Матесон не угадал тогда, что это не евангельская легенда, а рассказ о немецком народе, не смерть Иисуса, а подвиг и гибель их современника, не южная природа, с ее кедрами и благовонными миртами, а природа Тюрингии, башни города Эйзенаха, лесистая гора Вартбург, на которую заглядывался маленький Себастьян.

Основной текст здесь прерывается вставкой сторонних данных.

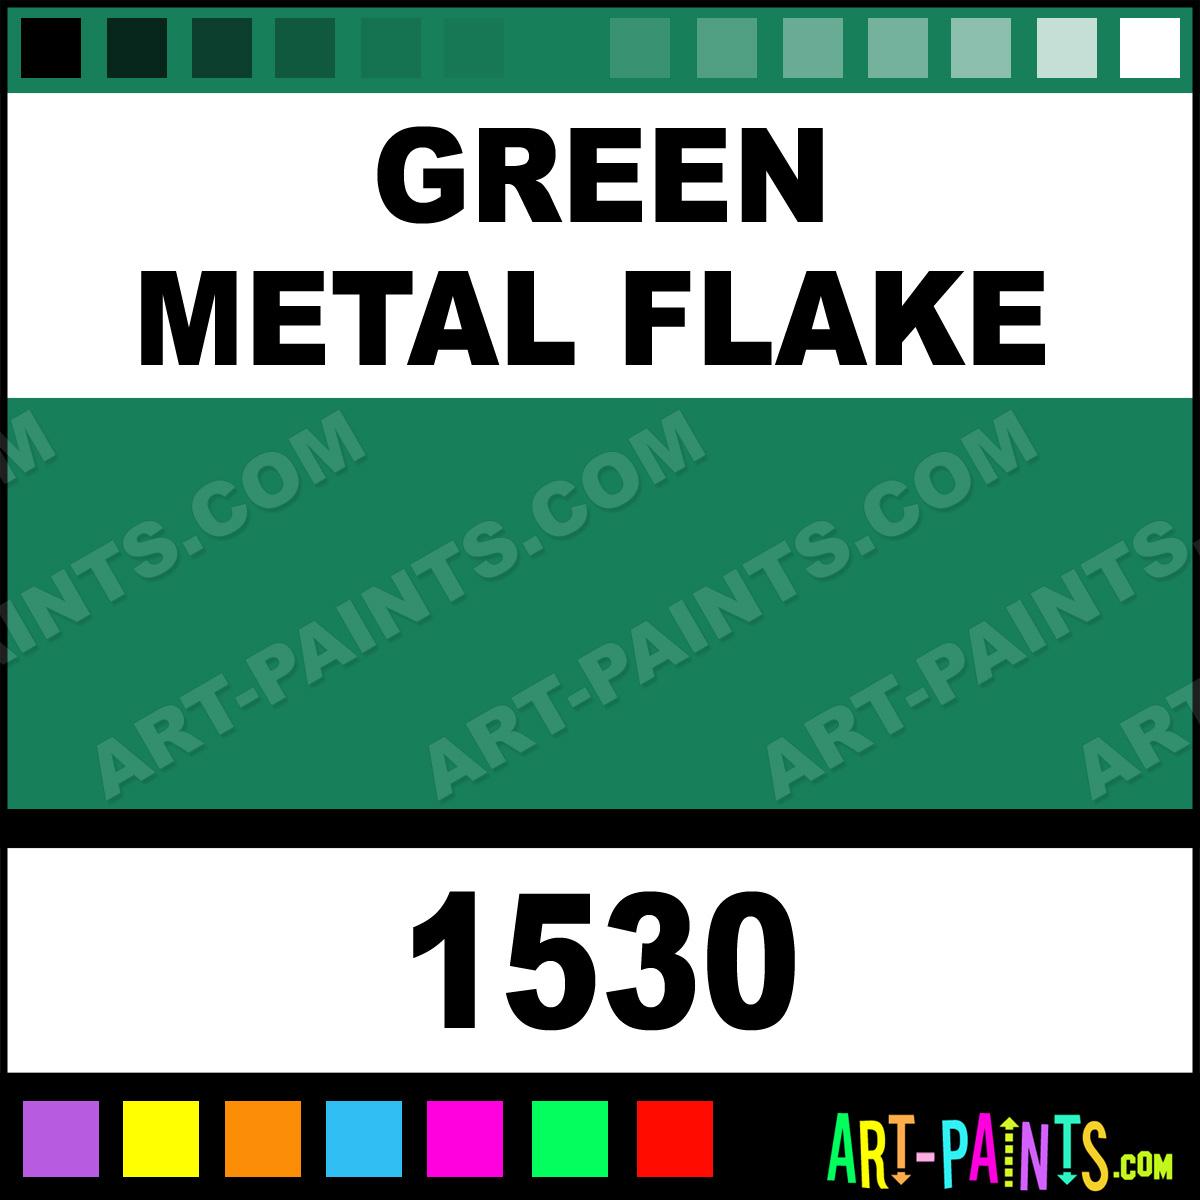 Green metal flake model metal paints and metallic paints 1530 green metal flake paint 1530 by testors model metal paints geenschuldenfo Choice Image
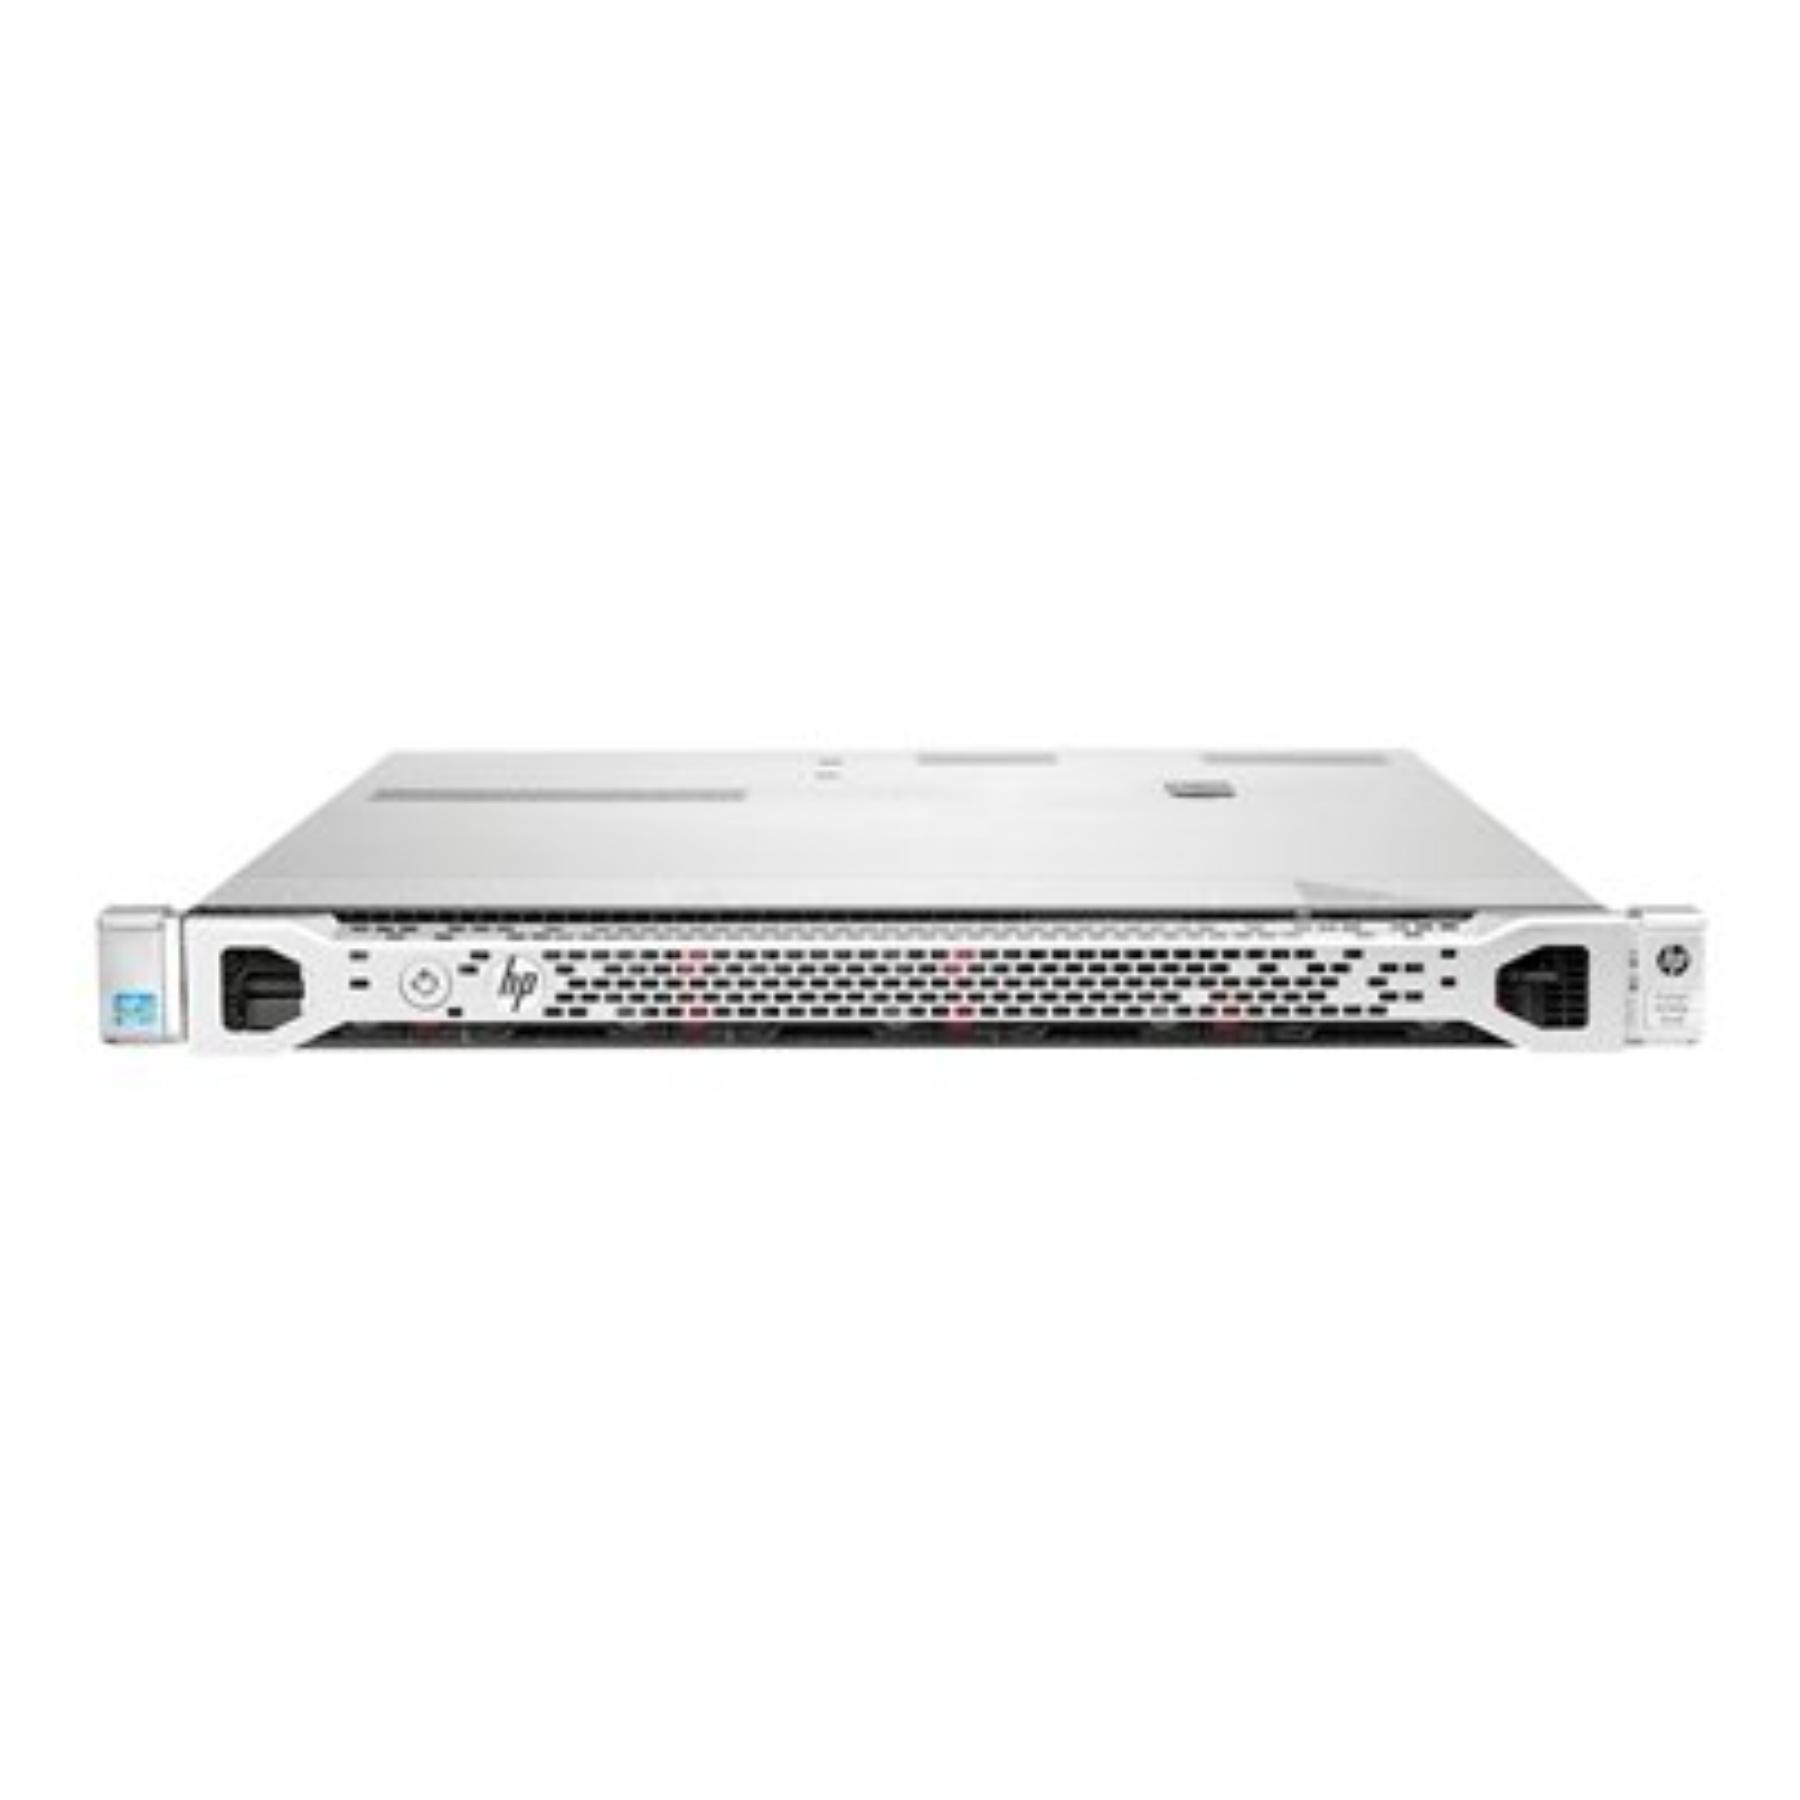 HPE 670852-S01 HP ProLiant DL380p Gen8 E5-2670 2.60GHz 8-core 2P 32GB-R P42

Но все уже позади: мучения, казнь, разорвавшаяся завеса, за которой брезжит свет. Теперь хор пел заключительную часть, похожую на колыбельную песню. И Бах пришел к тому покою, который манил его. Чувство правоты, сознание исполненного долга укрепили его, и он уже не страдал, а был счастлив, что довел до конца свой любимый труд.
Вот что он вспоминал теперь, через двадцать один год после первого исполнения «Страстей».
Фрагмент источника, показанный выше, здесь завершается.